Une autre raison pour laquelle les lynx ont survécu dans cette partie de l’Europe est parce que les habitants des montagnes ont conservé leur mode de vie traditionnel : ils vivent dans de petits villages, gardent les vaches avec des chiens de garde qui les protègent contre les prédateurs nocturnes. Le programme de conservation du Lynx des Balkans a déjà distribué des micro-subventions d’une valeur de 100.000 euros pour les collectivités locales en Albanie et en Macédoine comme une incitation à préserver et à s’engager dans des communautés rurales traditionnelles. L’argent est utilisé pour encourager l’utilisation durable des forêts, la cueillette de plantes médicinales, l’apiculture traditionnelle et l’agriculture, l’élevage des chiens de garde, la promotion de l’éco-tourisme … Tous ces mini-projets permettent aux habitants de maintenir un mode de vie qui respecte l’environnement en leur fournissant une source supplémentaire de revenus.
Chasser
Les protecteurs du lynx des Balkans collaborent également avec des chasseurs à travers des ateliers communs et des campagnes de sensibilisation. D’ailleurs, les chasseurs ont un véritable intérêt pour une faune saine et peuvent donc jouer un rôle très positif dans le maintien de fortes populations de proies qui pourrait aussi bénéficier au lynx.

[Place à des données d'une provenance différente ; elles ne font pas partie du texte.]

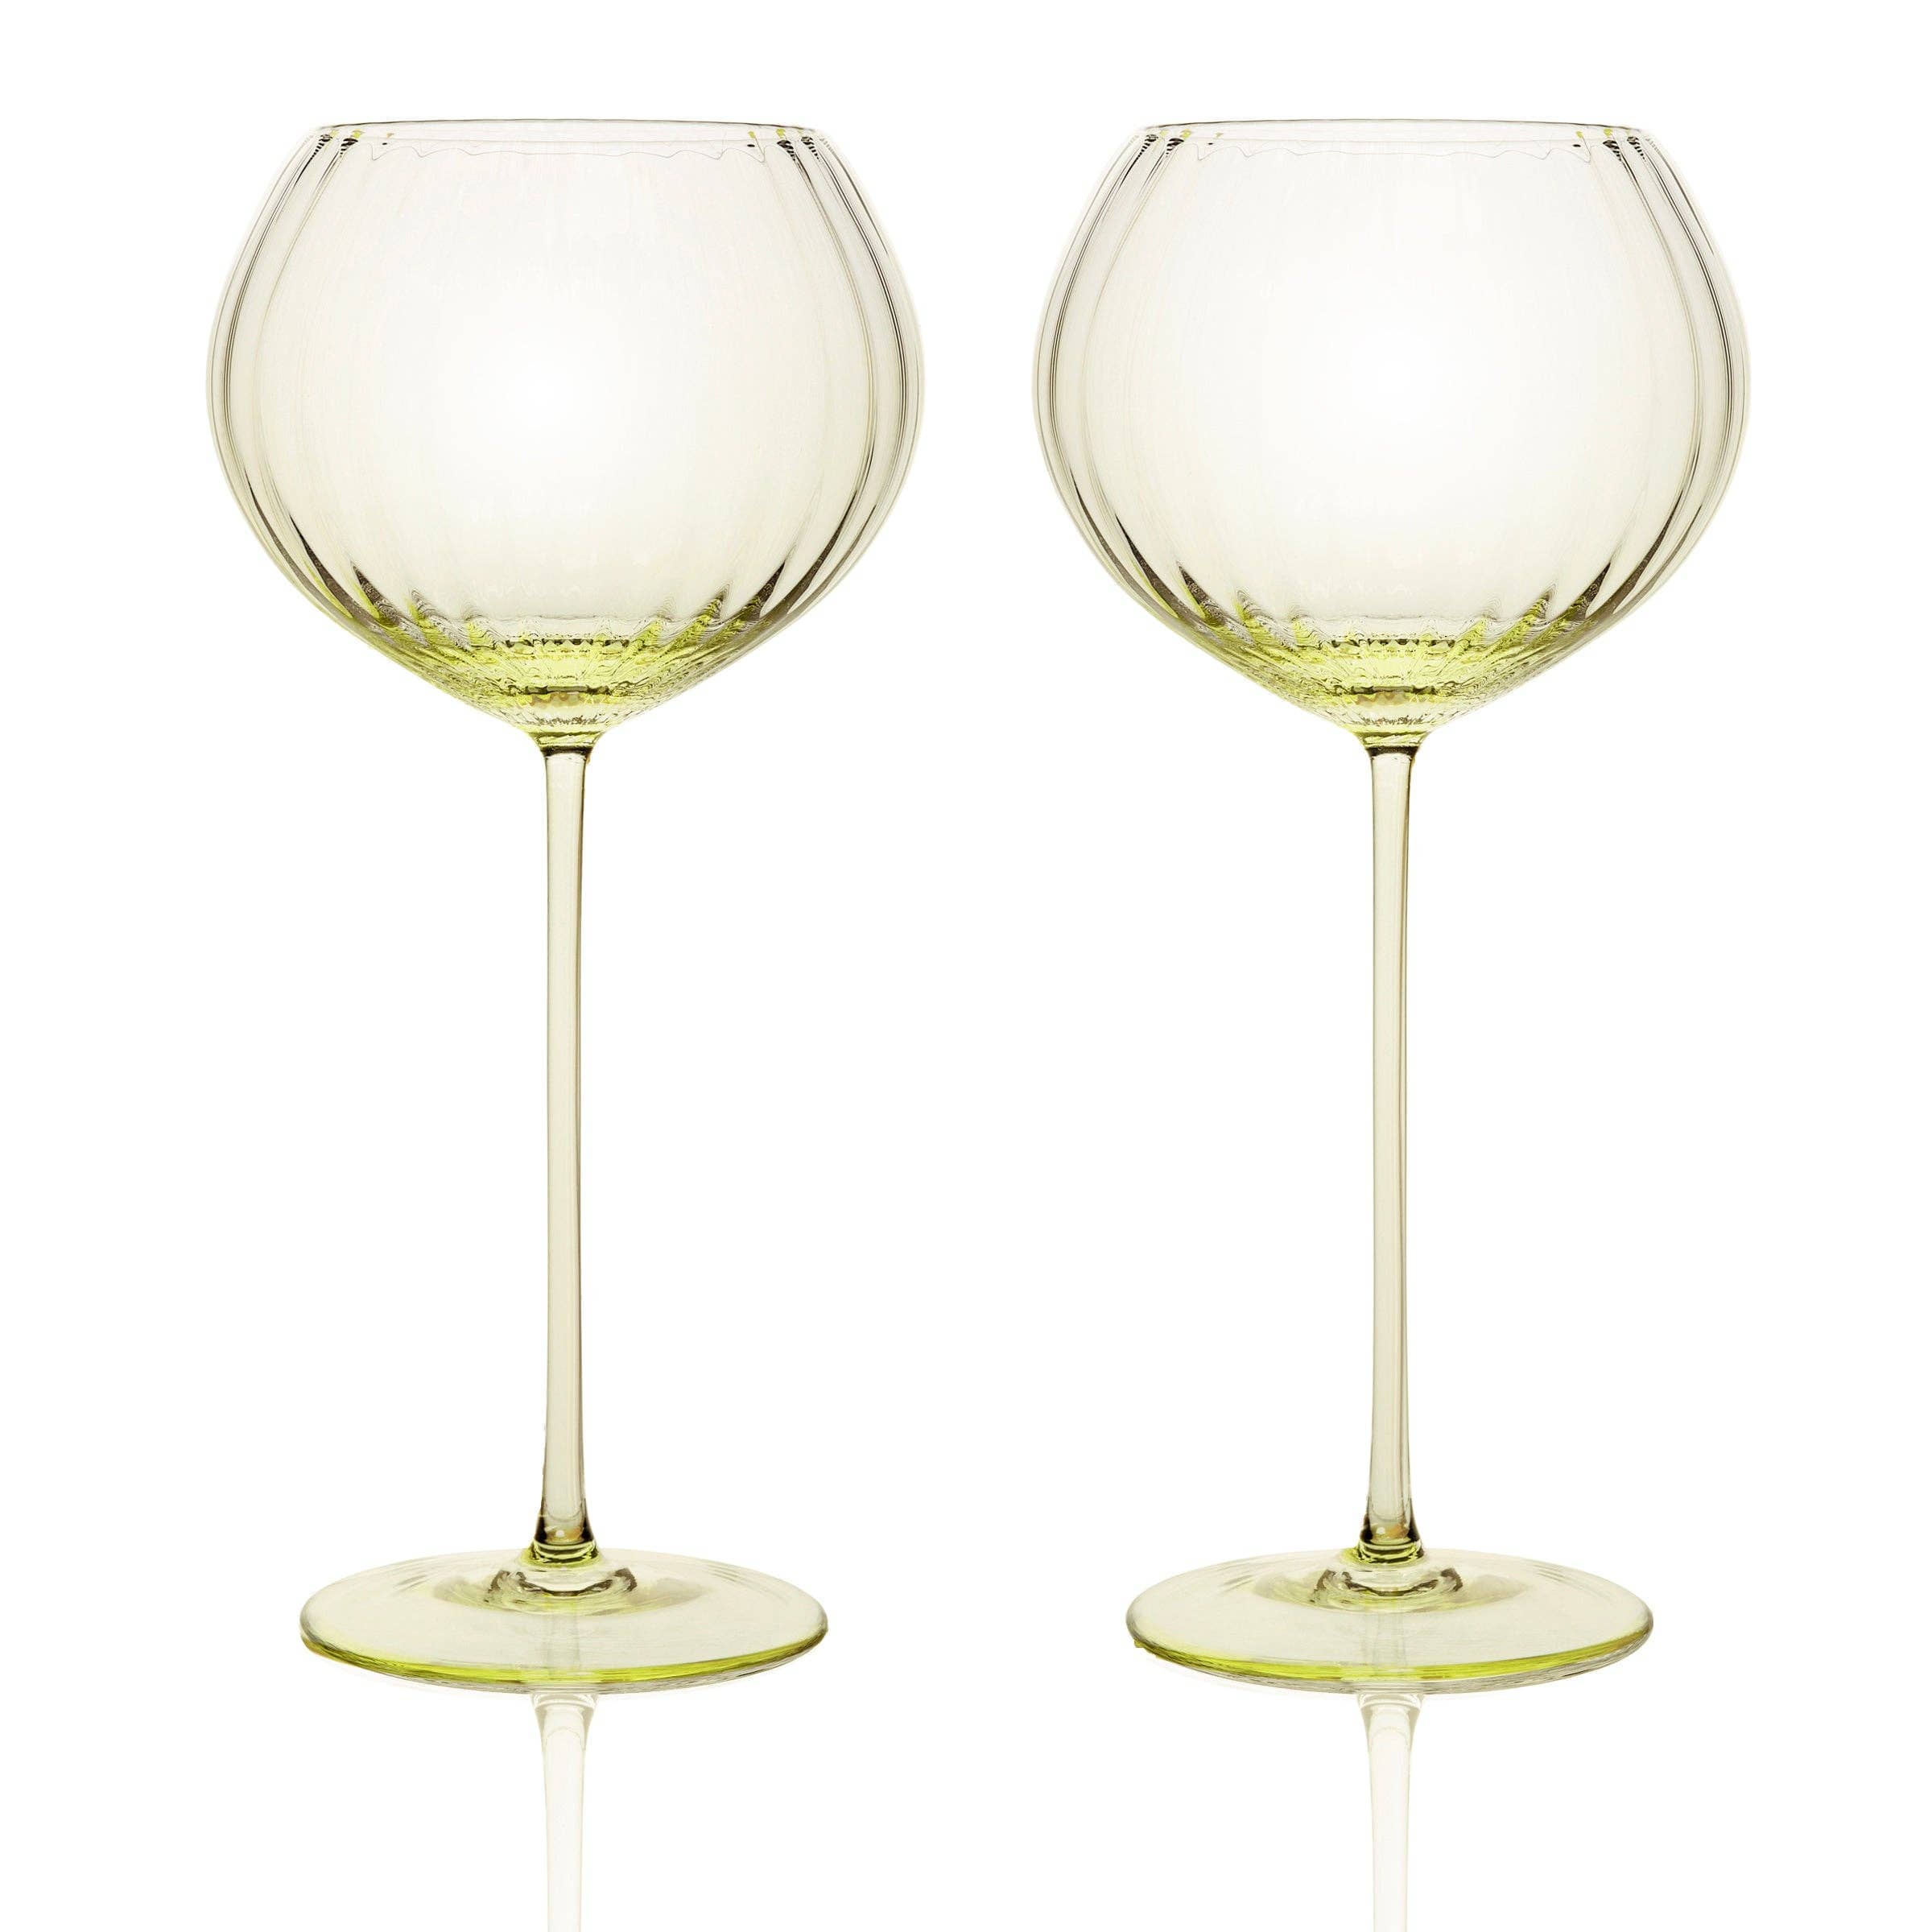 https://www.vividchill.com/cdn/shop/files/quinn-citrine-red-wine-glasses-set2-tabletop-caskata-597965_2400x.jpg?v=1699560557

« 90% des chasseurs ne chasse pas le lynx », a dit Panajot Chorovski de Kicevo en Macédoine. Il explique que durant ses 40 années d’expérience en tant que chasseur, il n’a observé le lynx que deux ou trois fois et il ne lui est jamais venu à l’esprit de le tuer. « Ils sont importants pour le reste des animaux », a dit Chorovski. « S’il un cerf est malade, le lynx l’attaquera, ce qui est bénéfique pour l’ensemble du troupeau. »
« Bien sûr, nous devons distinguer les chasseurs honnêtes de ceux qui sont malhonnêtes – les braconniers », a dit Trajce. Selon le scientifique, les chasseurs juridiques sont un partenaire précieux pour la conservation du lynx des Balkans car ils maintiennent les règlements, respectent la faune et ne constituent pas une menace pour le lynx des Balkans.
En revanche, les braconniers sont le véritable problème et il est très difficile de négocier avec eux. Ils peuvent être une menace directe pour les lynx en les chassant, ou indirecte, en épuisant leurs proies suite à une chasse irresponsable, illégale et intenable.
Marko près de Mavrovo NP ©Dime Melovski
Marko recouvrant sa proie ©BLRP-SCOPES
« Je suis néanmoins très optimiste quant à l’avenir du lynx des Balkans. Lorsque nous avons commencé il y a quelques années, nous ne savions même pas s’ils existaient encore. Depuis, nous avons parcouru un long chemin », a dit Trajce. « Si nous continuons ainsi, avec dévouement et passion, je pense que nous pouvons sauver l’espèce. »
L’Europe a déjà une histoire fructueuse concernant la conservation d’une espèce de lynx: la population de lynx Ibérique (Lynx pardinus) a triplé dans la dernière décennie et comprend à l’heure actuelle plus de 300 lynx. Nous espérons le même sort au lynx des Balkans.